Commissioner Dalli: Eurovision ‘undisputed element’ of European shared cultural identity

Eurovillage, Valentino Park: Helena Dalli [ALFERO/EC]

Artistic events bring people together, overcoming divisions and barriers, and as such, the Eurovision Song Contest (ESC) is an “undisputed element” of the European shared cultural identity, which could this year help renew the call for peace on the continent, according to Maltese EU Commissioner Helena Dalli.

Helena Dalli is the European Commissioner for Equality.

She spoke to EURACTIV’s journalist Gerardo Fortuna on the sidelines of a concert organised on the occasion of Europe Day (9 May) in Turin, the host city of this year’s Eurovision, by the regional representation of the European Commission in Milan.

What role can artistic events play in fostering European identity?

Artistic events bring people together and transcend divisions and barriers.

All Europeans have a reaction to the mention of the Eurovision Song Contest – some are fanatic about it, others love to watch it, while others not so much.

What I can say is that none of the people I know would answer back ‘What is it?’ Today, the Eurovision Song Contest is massive and it is an undisputed element of our European shared cultural identity.

We usually talk about a Europe made up of policies, but this concert organised by the Commission celebrated the EU through music.

The Europe Day concert in Turin, ahead of this year’s ESC edition, celebrated the European project and European shared initiatives. We celebrated our willingness to come together regardless of nationality or other differences and instead celebrate our diversity.

Why is an event like Eurovision important this year and what significance does it have at the EU level?

The Russian aggression against Ukraine rocked the European continent’s expectation of peace and prosperity. I, therefore, hope that the Eurovision Song Contest helps us renew our call for a peaceful continent where the only rivalries between nations take place in music halls and sports venues.

The Brief – Why Eurovision matters

This year it will be remarkably tough to keep politics separate from the running of the world’s most-followed singing contest – and that is also why EURACTIV is stepping in with dedicated coverage of the Eurovision Song Contest (ESC).

Even though non-EU countries are also taking part in Eurovision, do you think the event can help affirm some of the Union’s founding values, such as equality, non-discrimination, and the fight for inclusion?

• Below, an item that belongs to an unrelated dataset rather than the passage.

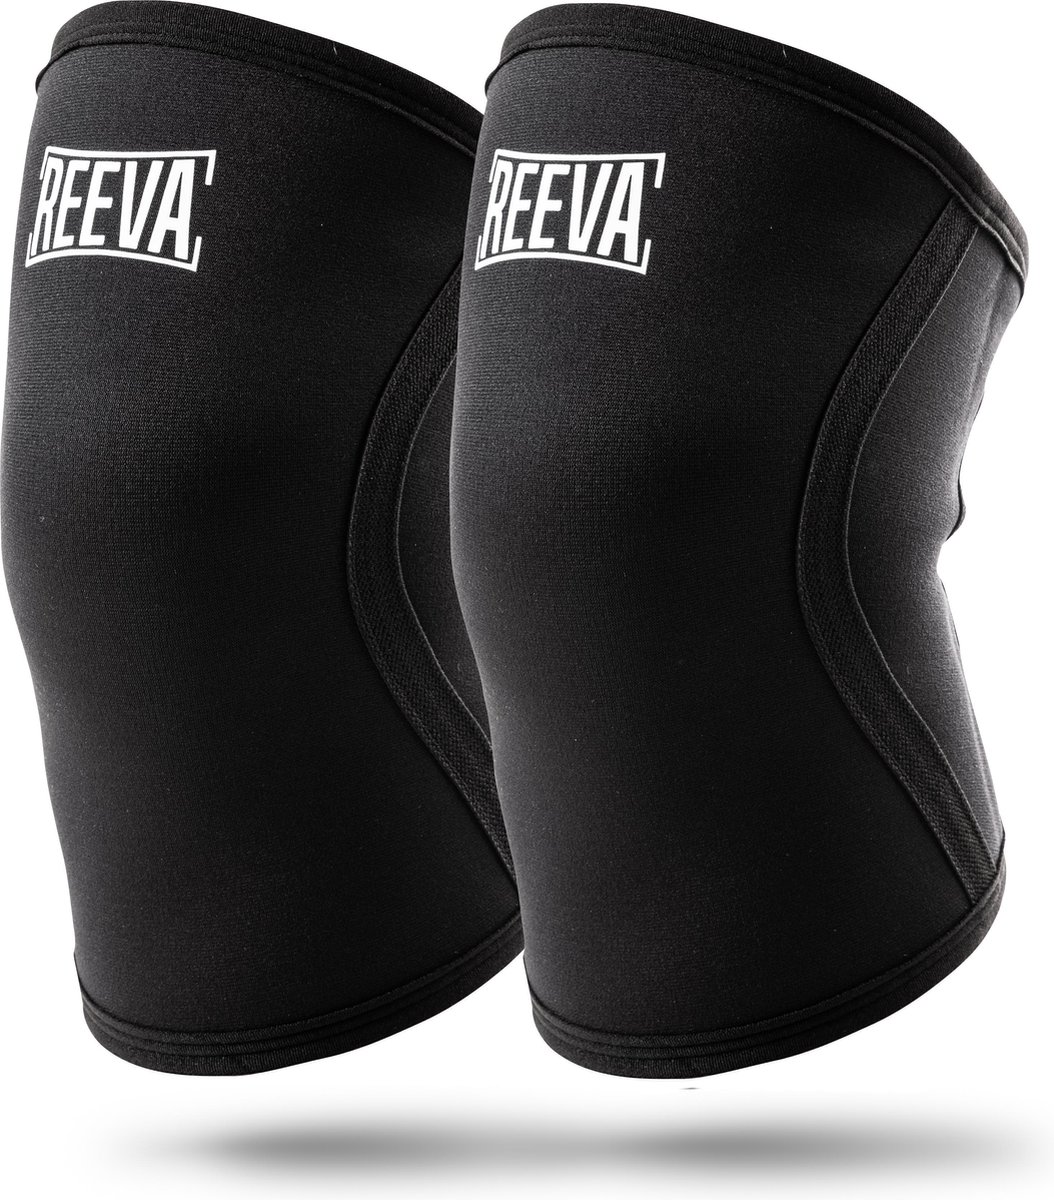 Reeva Knee Sleeves 5mm voor Fitness, Gewichtheffen & CrossFit - Maat M - Knie Brace - Verkocht per paar

The diversity among nations and the artistic assortment expressed on stage makes the Eurovision Song Contest the most followed non-sporting event.

I believe the contest’s expansion eastwards, thus having the contest cover the whole of the European continent, was one of its most significant developments.

The themes of the songs and the diversity of the artists are bound to generate discussion. This year will not be an exception.

Do you have a favourite memory or moment related to Eurovision? What do you expect this year?

I have several memories since the Eurovision keeps reshaping itself and changing year upon year.

This year, I expect the same high standard and the usual surprises that keep us watching and talking about it. I hope that this event will also help Europeans reflect on matters related to unity, togetherness and our shared future. We are stronger together.